Openness to Experience, Spirituality, and the Complexity of Belief
Openness to experience reflects intellectual curiosity, creativity, aesthetic sensitivity, and a preference for novelty over routine. Its relationship with religiosity and spirituality is one of the most fascinating and complex findings in the field. Multiple studies indicate a negative correlation between openness and traditional religiosity — meaning that people who score high on openness tend to question conventional religious doctrines and are less likely to affiliate with established religious institutions. This finding is consistent with the idea that highly open individuals seek their own frameworks for understanding the world rather than accepting inherited ones.
However, the relationship between openness spirituality specifically — as opposed to institutional religiosity — can actually be positive. People high in openness are often drawn to personal, exploratory forms of spirituality: meditation, nature-based spiritual experiences, contemplative practices, or eclectic belief systems that draw from multiple traditions. This distinction is crucial and explains why many intellectually curious, creative people describe themselves as “spiritual but not religious.” In short, openness tends to push people away from dogma while simultaneously pulling them toward transcendence — just on their own terms.
How Religiosity and Spirituality Are Scientifically Measured
One reason religiosity and personality research has become so sophisticated is that scientists have developed multiple distinct methods for measuring something as personal as faith — each with its own strengths and limitations. Understanding these methods helps explain why different studies sometimes reach different conclusions.
Questionnaire-Based Measurement
The most widely used method is the self-report questionnaire. Allport’s Religious Orientation Scale, developed in the mid-20th century, remains influential, distinguishing between intrinsic religiosity (religion as a deeply held personal value) and extrinsic religiosity (religion used for social or practical benefits). The Fetzer Institute’s Multidimensional Measurement of Religiousness/Spirituality scale captures an even broader range of dimensions, from daily spiritual experiences to religious coping strategies. The major strength of questionnaires is their suitability for large-scale statistical analysis. Their key limitation is reliance on self-report, which can be distorted by social desirability, limited self-awareness, or cultural norms around religious expression.
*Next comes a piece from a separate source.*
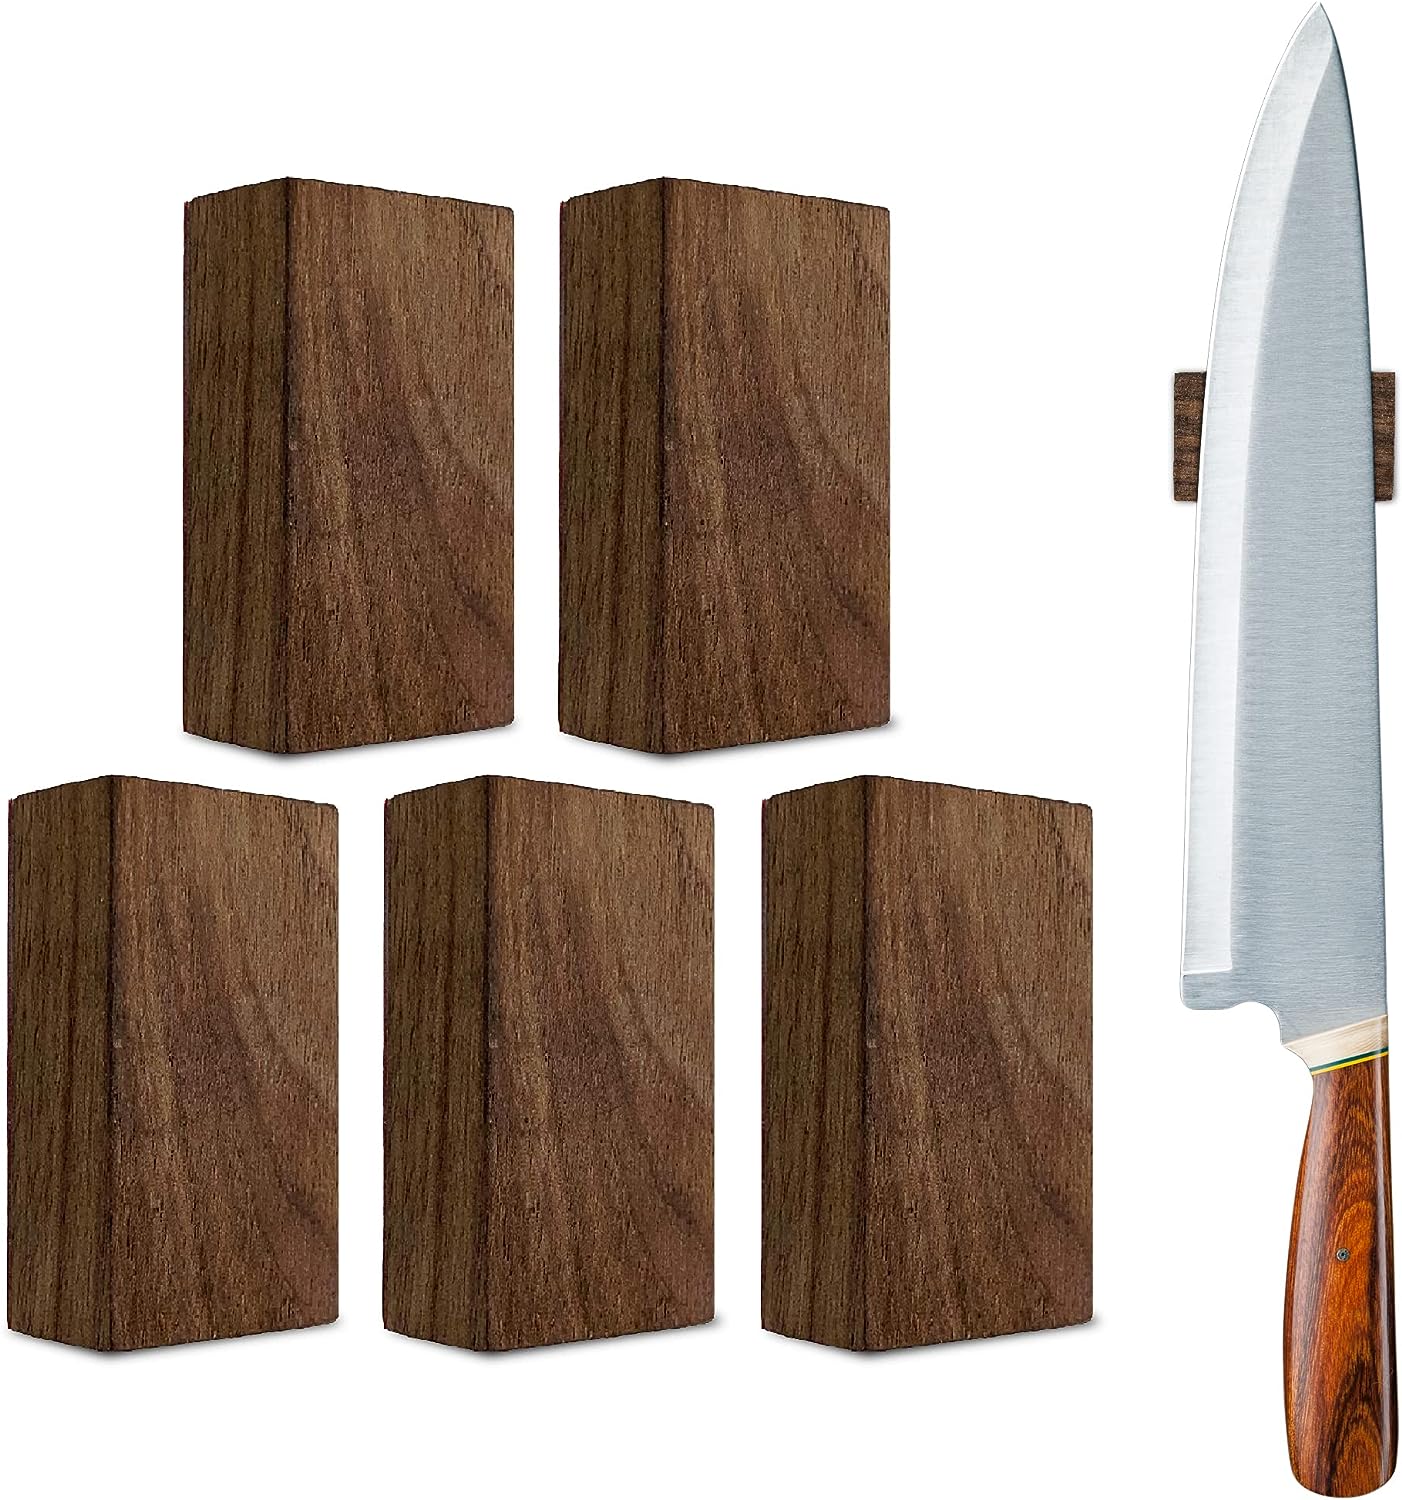 Magnetischer Messerhalter für die Wand – starke Neodym-Magnete und  3M-Klebestreifen (kein Bohren!) 5,1 x 3,1 cm Holz-Walnussblock,  Küchenutensilien

Interview-Based and Behavioral Methods
Qualitative interviews — whether semi-structured or open-ended — allow researchers to explore the subjective meaning individuals attach to their beliefs and practices. This approach captures nuances that questionnaires cannot, such as how a person narrates their spiritual journey or reconciles doubt with faith. Behavioral observation provides a third angle, tracking objectively measurable behaviors like worship attendance frequency, prayer regularity, or participation in religious charity work. While behavioral data avoids the self-report problem, it cannot directly capture internal beliefs or the meaning a person assigns to their actions.
Neuroimaging and Physiological Measurement
Among the most cutting-edge approaches in spirituality psychology research is the use of neuroimaging tools such as EEG and functional MRI to observe brain activity during religious or spiritual experiences. Studies using these methods have identified specific neural networks associated with prayer, meditation, and mystical states. Separately, physiological research has examined links between religious practice and immune function, cardiovascular health, and stress hormone levels. These methods offer the potential to uncover bodily mechanisms that self-report cannot access. However, they come with significant challenges: high cost, ethical considerations, the invasiveness of some procedures, and the persistent difficulty of inferring subjective experience from physiological data.
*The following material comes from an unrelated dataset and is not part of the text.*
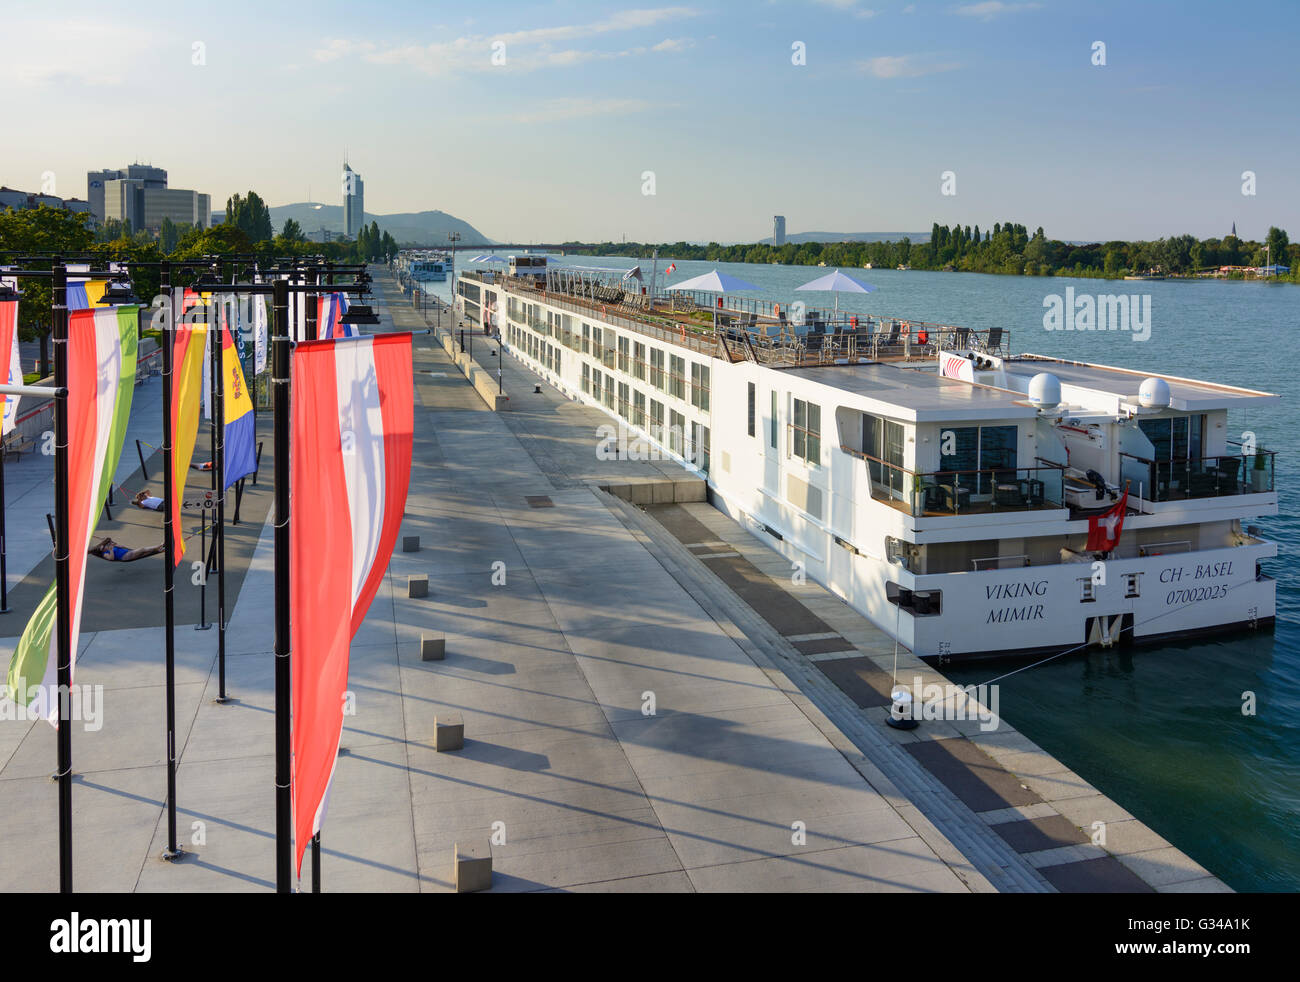 Cruceros por el Danubio, Austria, Wien, 02, Wien, Viena. Foto de stock

- Questionnaires: Scalable and statistically powerful, but limited by self-report bias
- Interviews: Rich in subjective detail and personal meaning, but time-intensive and hard to analyze at scale
- Behavioral observation: Objective and replicable, but unable to capture internal experience
- Neuroimaging and physiology: Biologically grounded and illuminating, but costly, ethically complex, and difficult to interpret causally
The most robust conclusions in this field typically come from studies that triangulate across multiple methods — combining questionnaire data with behavioral measures or physiological indicators to build a more complete picture of how religiosity, spirituality, and personality interact.
Practical Insights: Using This Knowledge in Everyday Life
Understanding the connection between religiosity and personality is not just an academic exercise — it has real practical value for self-awareness, relationships, and personal development. Here are evidence-informed ways to apply these findings.
For Those High in Agreeableness and Conscientiousness
If you score high in agreeableness or conscientiousness and find yourself drawn to religious or spiritual communities, this alignment is no coincidence. Why it works: These personality traits naturally resonate with the prosocial, rule-oriented, and community-focused values that most organized religions promote. How to use it: Lean into service-oriented religious activities — volunteering, community care, mentorship — where your natural warmth and discipline can make the greatest positive impact. Be aware, however, that high agreeableness can sometimes make it difficult to question authority or set personal boundaries within religious communities. Healthy spirituality should feel empowering, not obligatory.
For Those High in Openness to Experience
If you score high in openness and feel skeptical of traditional religious institutions, this too reflects a well-documented pattern. Why it works: High-openness individuals are natural questioners who thrive on intellectual exploration and resist dogma. How to use it: Rather than dismissing spirituality entirely, consider exploring contemplative practices — meditation, philosophical inquiry, nature-based mindfulness, or cross-cultural study of world religions — that allow for personal meaning-making without requiring institutional allegiance. Research consistently shows that openness spirituality can be a genuine source of well-being even for those who reject conventional religion.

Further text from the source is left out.